До конца недели, это три дня, он все прятался: то садился за колонну, то забирался в угол, а то раньше уходил на обед. «Так надо. Извини, дорогая, – просил он прощения. – Я виноват перед тобой! Очень виноват. Я – несносный человек. Я не знаю, как это получилось, я изменился, и – не в лучшую сторону. Прости! Нам лучше не видеться». Прошла еще одна неделя. Он уже больше не забирался в угол, не прятался за колонну. Не было в этом необходимости. «Придет – так придет, не придет – так не придет, большой беды не будет», – думал он. Откуда такое равнодушие? Но он этого добивался, хотел «умыть руки», когда писал. Получай. С рассказом все. Правда, над ним надо было еще работать и работать, доводить до ума. Но это уже мелочи. Рассказ, можно сказать, состоялся. Нечаяннные отношения электрика с блондинкой канули в лету. Он больше не отвечал за своих героев :они были неинтересны.
Непростыми оказались отношения героев рассказа. А если чувства настоящие, и все серьезно?.. Нет! Нет! А если?
На улице весь день лил дождь. Конец ноября. Завтра на работу.
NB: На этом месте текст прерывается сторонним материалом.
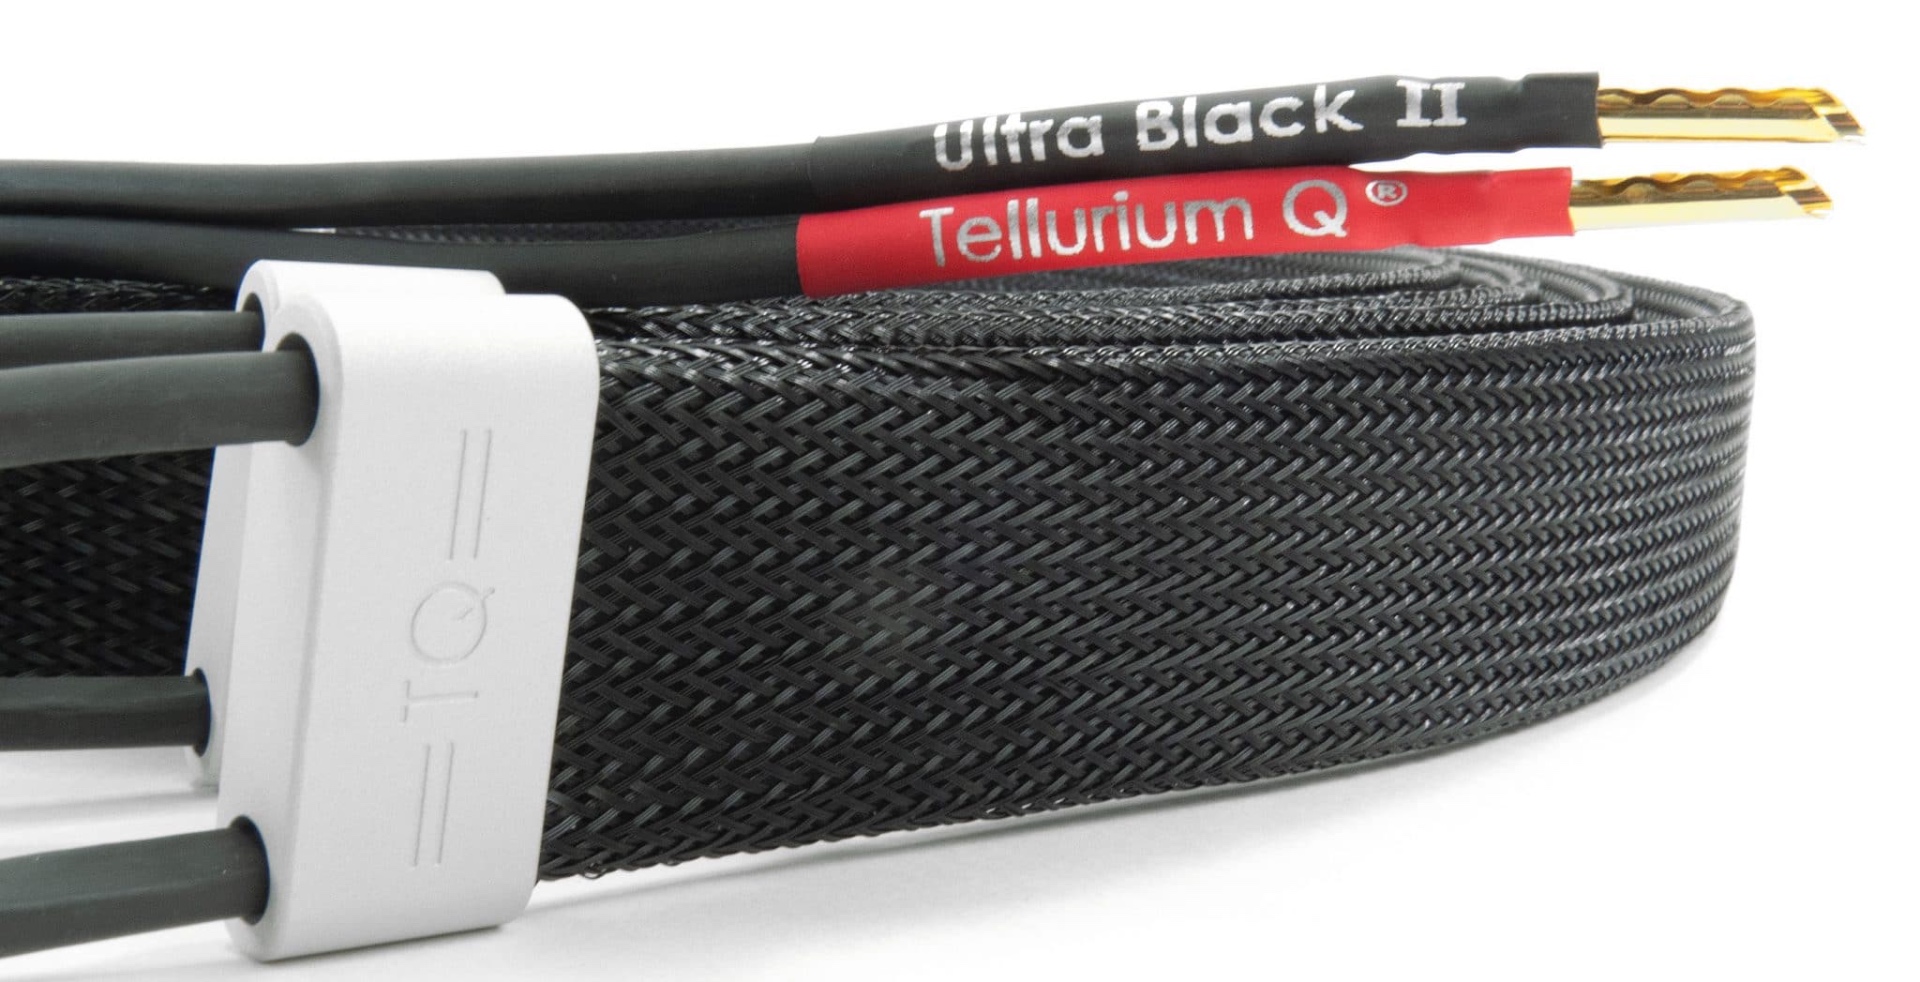 Paul Rigby von "The Audiophile Man" testet das Tellurium Q Ultra Black II Lautsprecherkabel und verleiht 9/10 Punkten - Deeply Groovy

Она опять будет в столовой. Было шесть часов вечера. Дождь не переставал. Он вышел пройтись. Когда что-нибудь не получалось в рассказе, были проблемы, он решал их на природе, на свежем воздухе, в движении. Сейчас он вышел просто пройтись. С рассказом все. В лесу весь лист с деревьев давно опал, почернел. Срамно было, как после блуда.
Божий одуванчик
Федор был худощавого телосложения, среднего роста, седой, тихая блаженная улыбка… Он рано начал седеть, к тридцати годам виски уже запорошило. Может, природа такая, гены, а может, жизнь такая… Федор пил. Уже на пенсии. Вчера Федор звонил мне, ездил к Григорьеву на дачу, парник поправляли и, как всегда, напился. Пьяный Федор плохой, ругался, кто ж пьяный хороший. Варвара, чтобы он не шумел, не мешал сидеть за столом, разговаривать, подсыпала супругу в водку снотворное. «Пойдем баиньки, баиньки», – говорила она и уводила пьяного Федора в комнату спать. Тот однажды заподозрил неладное, и Варвара призналась, что было снотворное, это безвредно, говорила она. Варвара была женщина с характером, кость широкая. «Она меня пьяного, когда я ничего не соображаю, бьет, раз ребро сломала, – как-то признался мне Федор. – Когда я не совсем пьяный, боится, я могу и сдачи дать». Варвара работала в детском садике на кухне, заработок был небольшой. Но сколько Варвара зарабатывала, Федор не знал. Варвара не говорила, ни к чему. «Да у меня пенсия в два раза больше (Федор получал восемь тысяч) – шумел Федор. – Все, хватит, буду себе оставлять на личные нужды. Три тысячи оставлю. Только прятать не куда. Везде находит. Вот ищейка!» Мне почему-то казалось, что Федор специально оставлял пьяный деньги в кармане, чтобы Варвара находила. Впрочем, я мог и ошибаться. «…как она мне неприятна! – продолжал Федор. – Я не хочу с ней жить. Я ей говорю, давай разведемся». Один Федор и дня не прожил бы. Я хорошо знаю его, вместе гоняли мяч, он был как ребенок, ничего не мог, а может, не хотел, наверно, все-таки не хотел. …одному – надо и в магазин сходить, и постирать, и прибраться… Федор никуда не ходил, если только за пивом, магазин был в двух шагах, за углом. Спал Федор в так называемой розовой комнате, были розовые обои, один: к себе в комнату Варвара его не пускала. Представляю, как Федор пьяные лезет к Варваре с любовью, ничего не получается… Варвара кричит. Да, конечно. Федору, похоже, было все равно, где спать, одному – даже лучше. Федор сделал в комнате замок и закрывался, чтобы Варвара не докучала.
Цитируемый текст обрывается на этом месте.